A side benefit of small failures is that they are easier to understand. You can identify what happened and learn from it. With a big failure, you must unpack and dig in to know where things went wrong.
The Lesson of Clippy
Even if you’ve never used the Office Assistant feature of Microsoft Office, you are likely aware of it. It was a software product flop so massive that it became a part of pop culture.
I worked at Microsoft when the company created Office Assistant. Although I didn’t work on that team, I knew a few people who did.
It is easy to think that the Office Assistant was a horrible idea created by a group of poor-performing developers and product people, but that couldn’t be farther from the truth. Extremely talented developers, product leads, researchers with fantastic track records, and PhDs from top-tier universities built Clippy. People who thought they understood the market and their users. These world-class people were working on one of (if not THE) most successful software products of all-time at the apex of its popularity. Microsoft spent millions of dollars and multiple person-years on the development of Clippy.
So, what happened?
What happened is that those brilliant people were wrong. Very wrong, as all of us are from time to time. How could they have found their mistake before releasing widely? It wasn’t easy at the time to test product assumptions. It was much harder to validate hypotheses about users and their needs.

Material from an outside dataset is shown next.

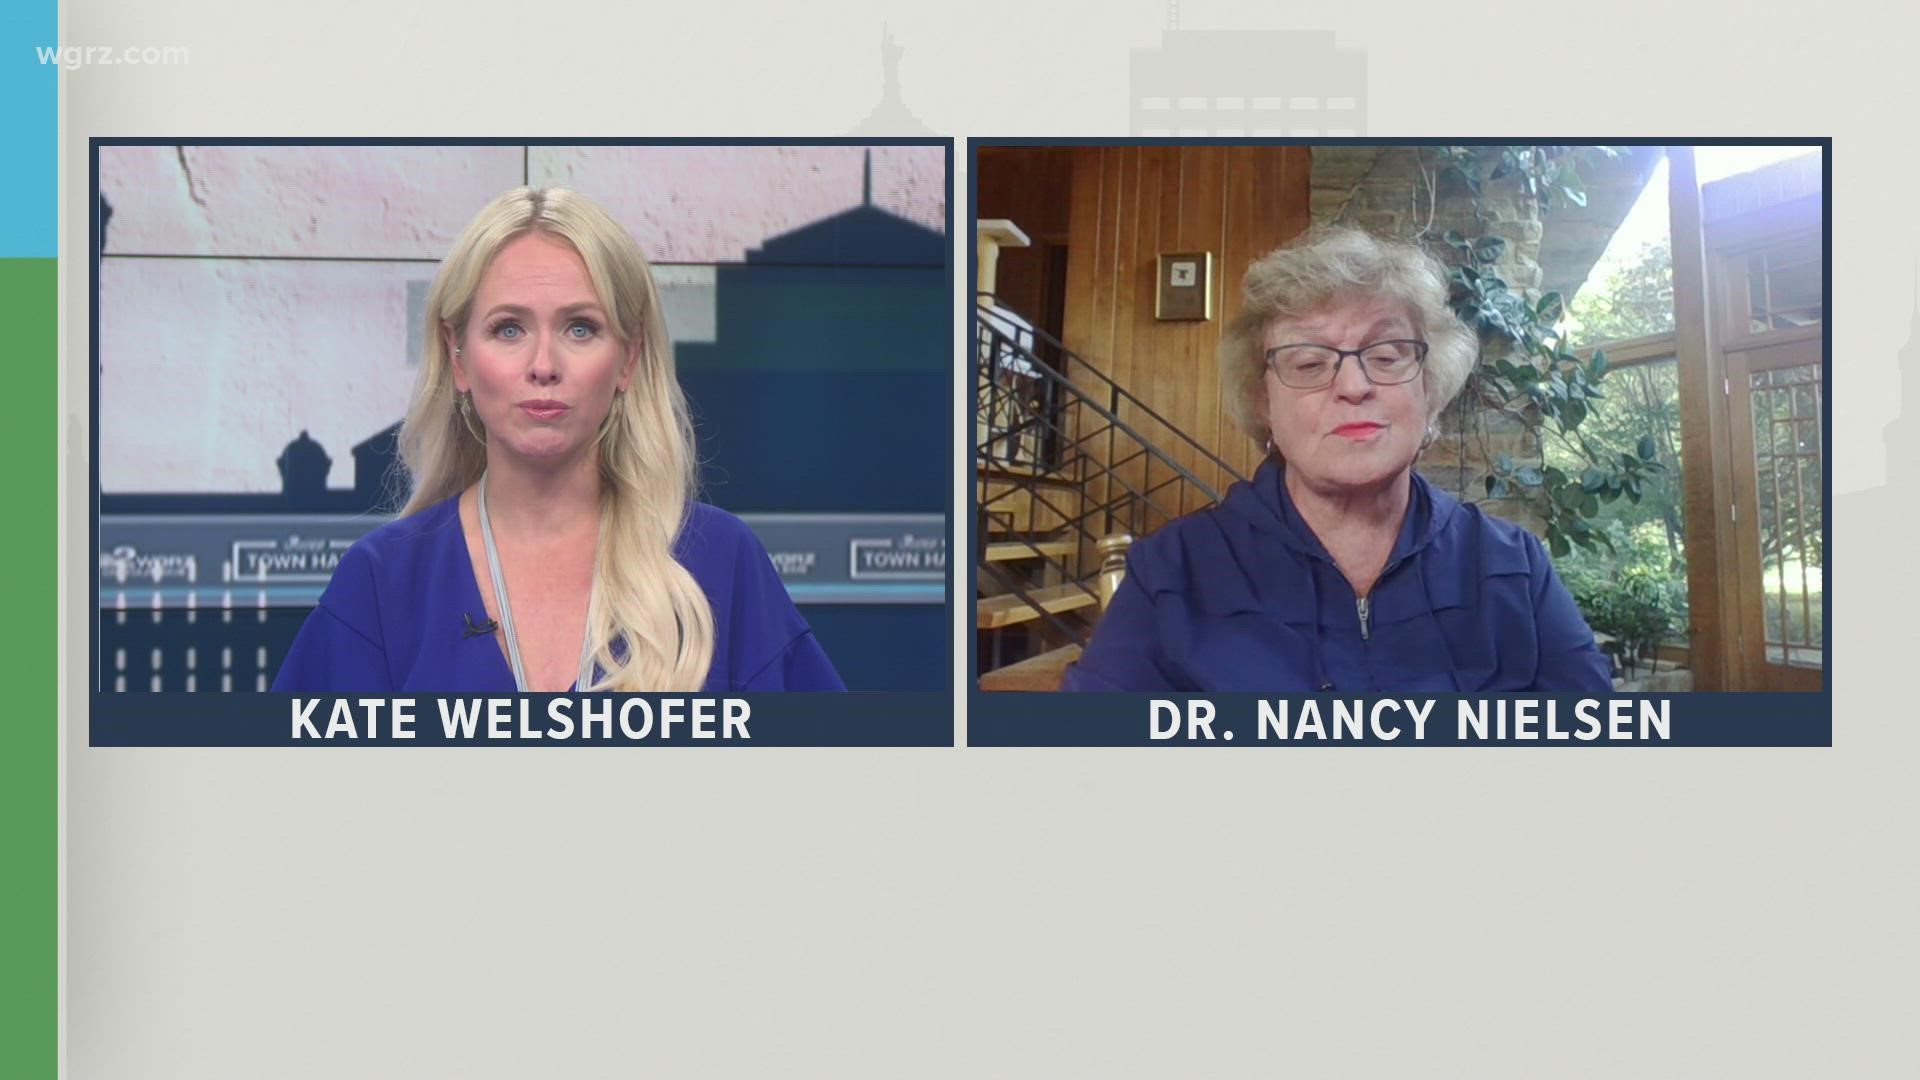 Dr. Nancy Nielsen, the senior associate dean for health policy at UB's Jacobs School of Medicine, joins our town hall to discuss the flu and COVID-19
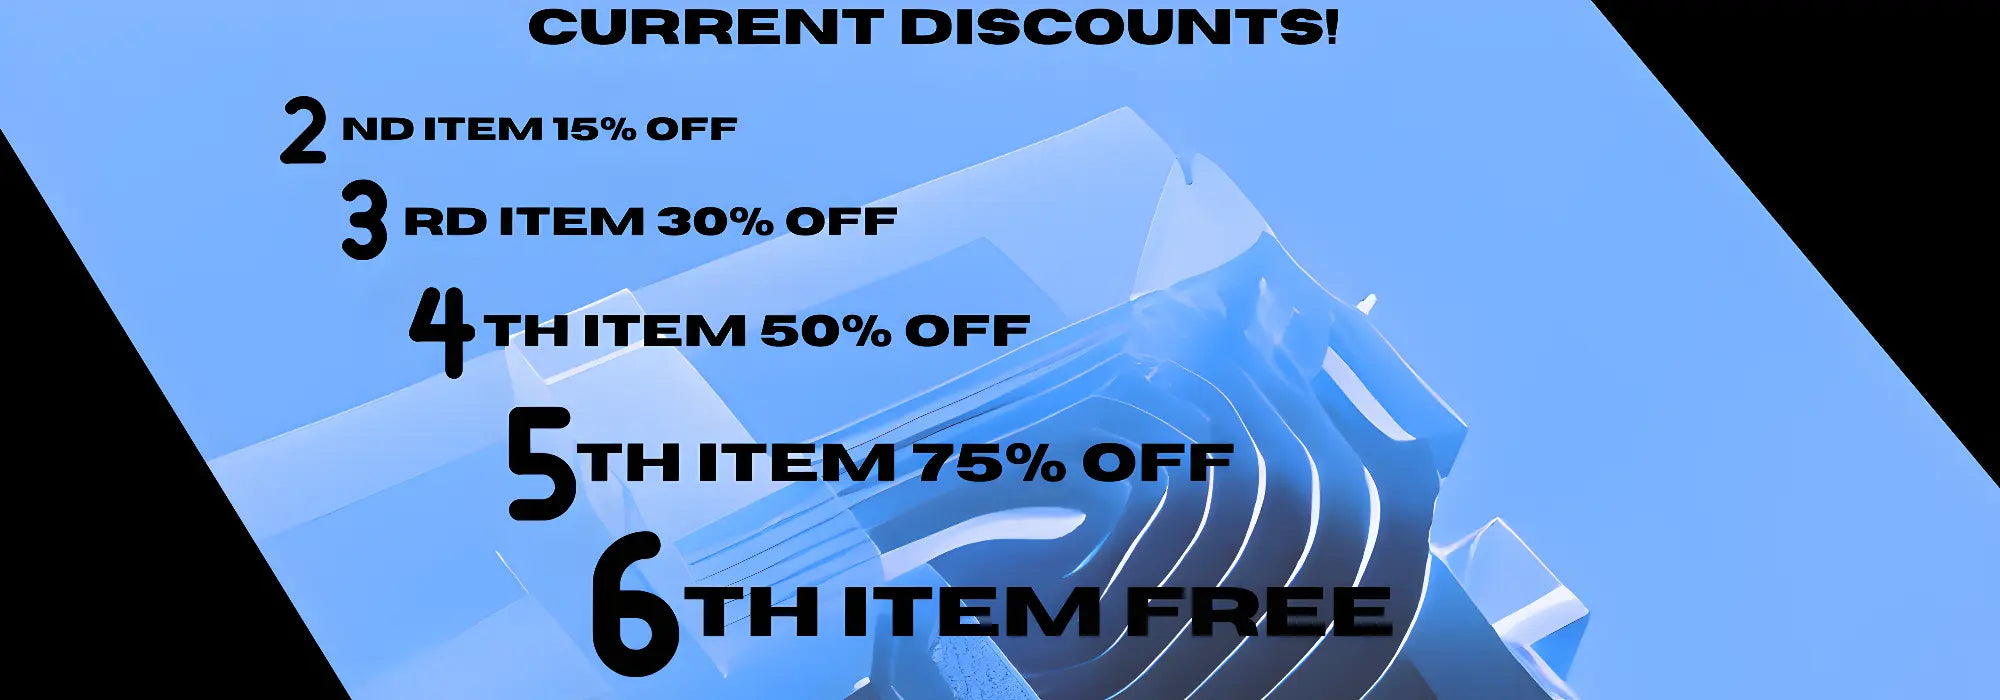 latest banner showing our discounts

How we used to release software
Way back before we could assume high-bandwidth internet connections, we wrote and shipped software in a very different way.

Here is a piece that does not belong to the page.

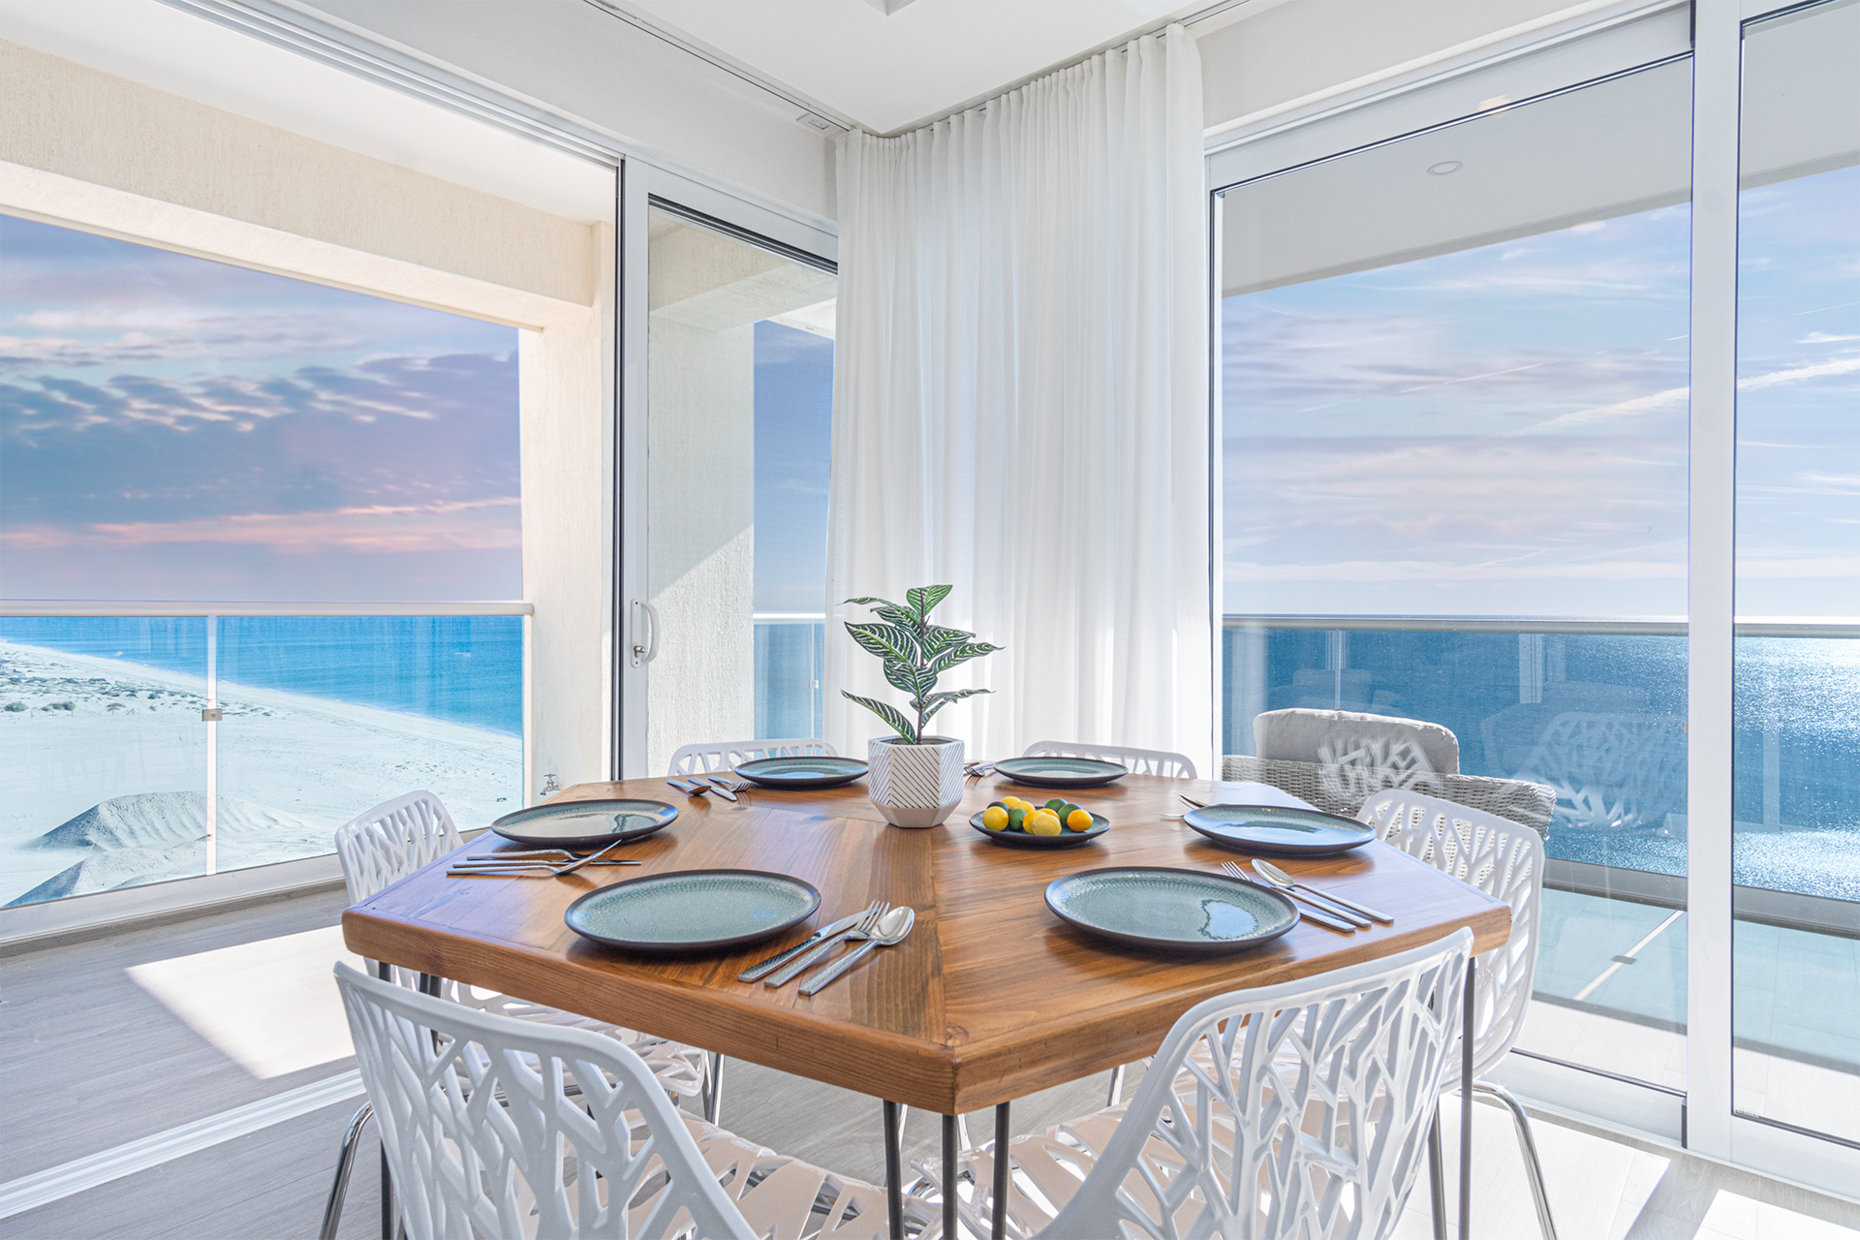 The dining table lets six of you enjoy expansive ocean front views while dining.

Software products were manufactured, transcribed onto plastic and foil discs. For a release like Microsoft Office, those discs were manufactured in countries worldwide, put into boxes, then put onto trucks and trains and shipped to warehouses, like TV sets. From there, trucks would take them to stores where people would purchase them in person, take them home and spend an afternoon swapping the discs in and out of their computers, installing the software.
With a release like Office, Microsoft would need massive disc pressing capability. It required dozens of CD/DVD plants across the world to work simultaneously. That capability had to be booked years in advance. Microsoft would pay massive sums of money to take over the entire CD/DVD pressing industry essentially. This monopolization of disc manufacturing required a fixed duration. Moving or growing that window was monstrously expensive.

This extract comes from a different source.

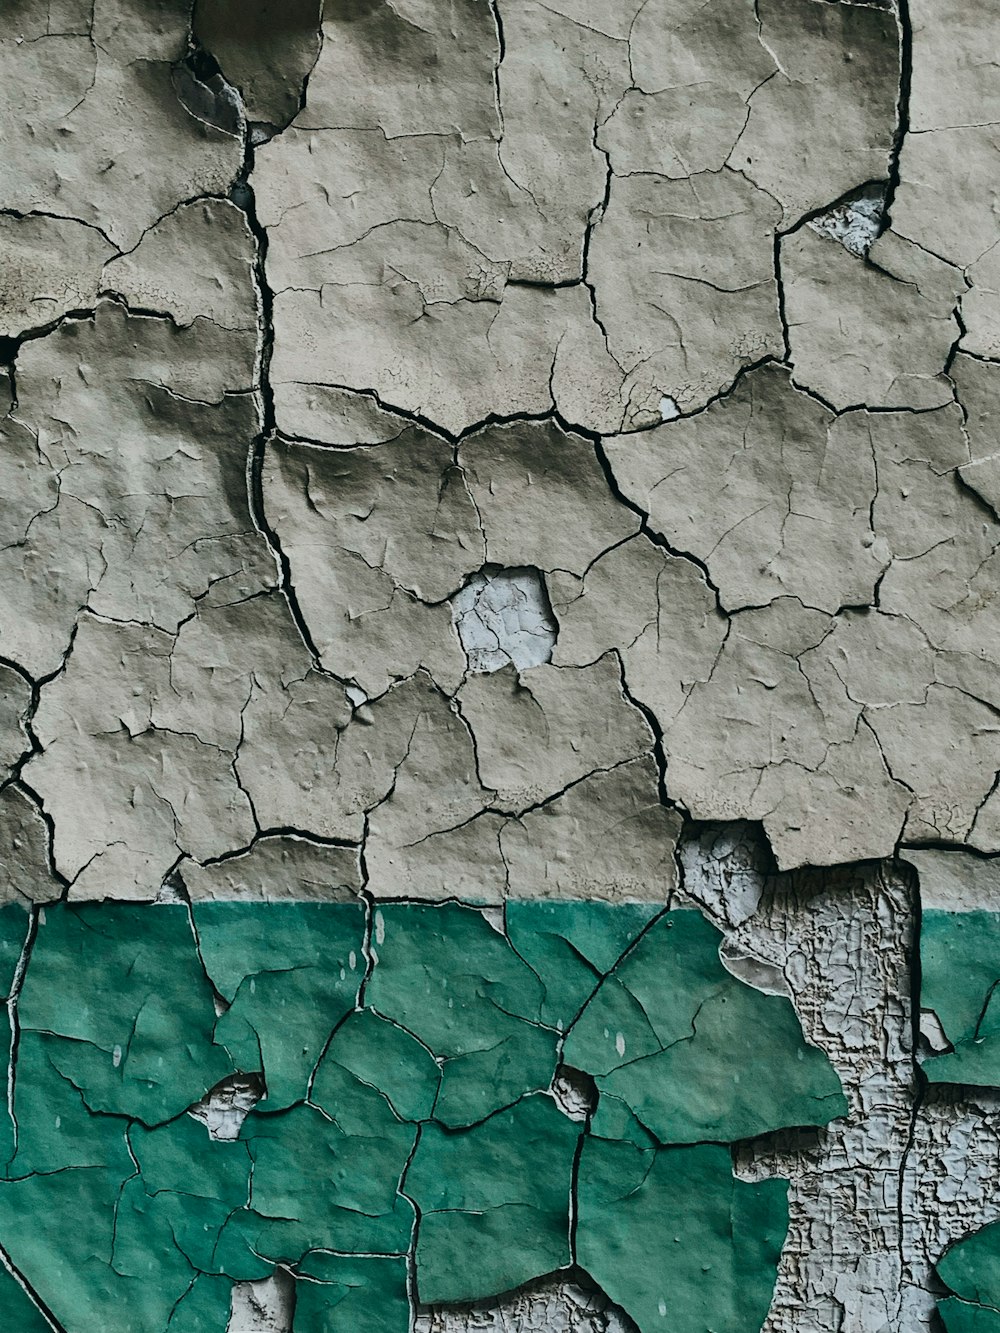 a close up of a cracked wall with green paint

It was challenging to validate a new feature in that atmosphere, peculiarly if that feature was a significant part of a release that you didn’t want to leak to the press.
That was then; this is now.
Today, the world is very different. There is no excuse for not validating your ideas.
You can now deploy your website every time you hit save in your editor. You can ship your mobile app multiple times per week. You can try ideas almost as fast as you can think of them. You can try and fail and learn from the failure and make your product better continuously.
Thomas J Watson, the CEO of IBM from 1914 until 1956, said, “If you want to increase your success rate, double your failure rate.” If it takes you years and millions of dollars to fail and you want to double that, your company will not survive to see the eventual success. Failing Fast minimizes the impact of your failure by reducing the cost and delay in learning.
I worked at an IBM research lab a long time ago. I was a developer on a project building early versions of synchronized streaming media. After over a year of effort, we arranged to publish our work. As we prepared, we learned there were two other labs at IBM working on the same problems. We were done, it was too late to collaborate. At the time, it seemed to me like big-company stupidity, not realizing that three different teams were working on the same thing. Later I realized that this was a deliberate choice. It was how IBM failed fast. Since it took too long to fail serially, IBM had become good at failing in parallel.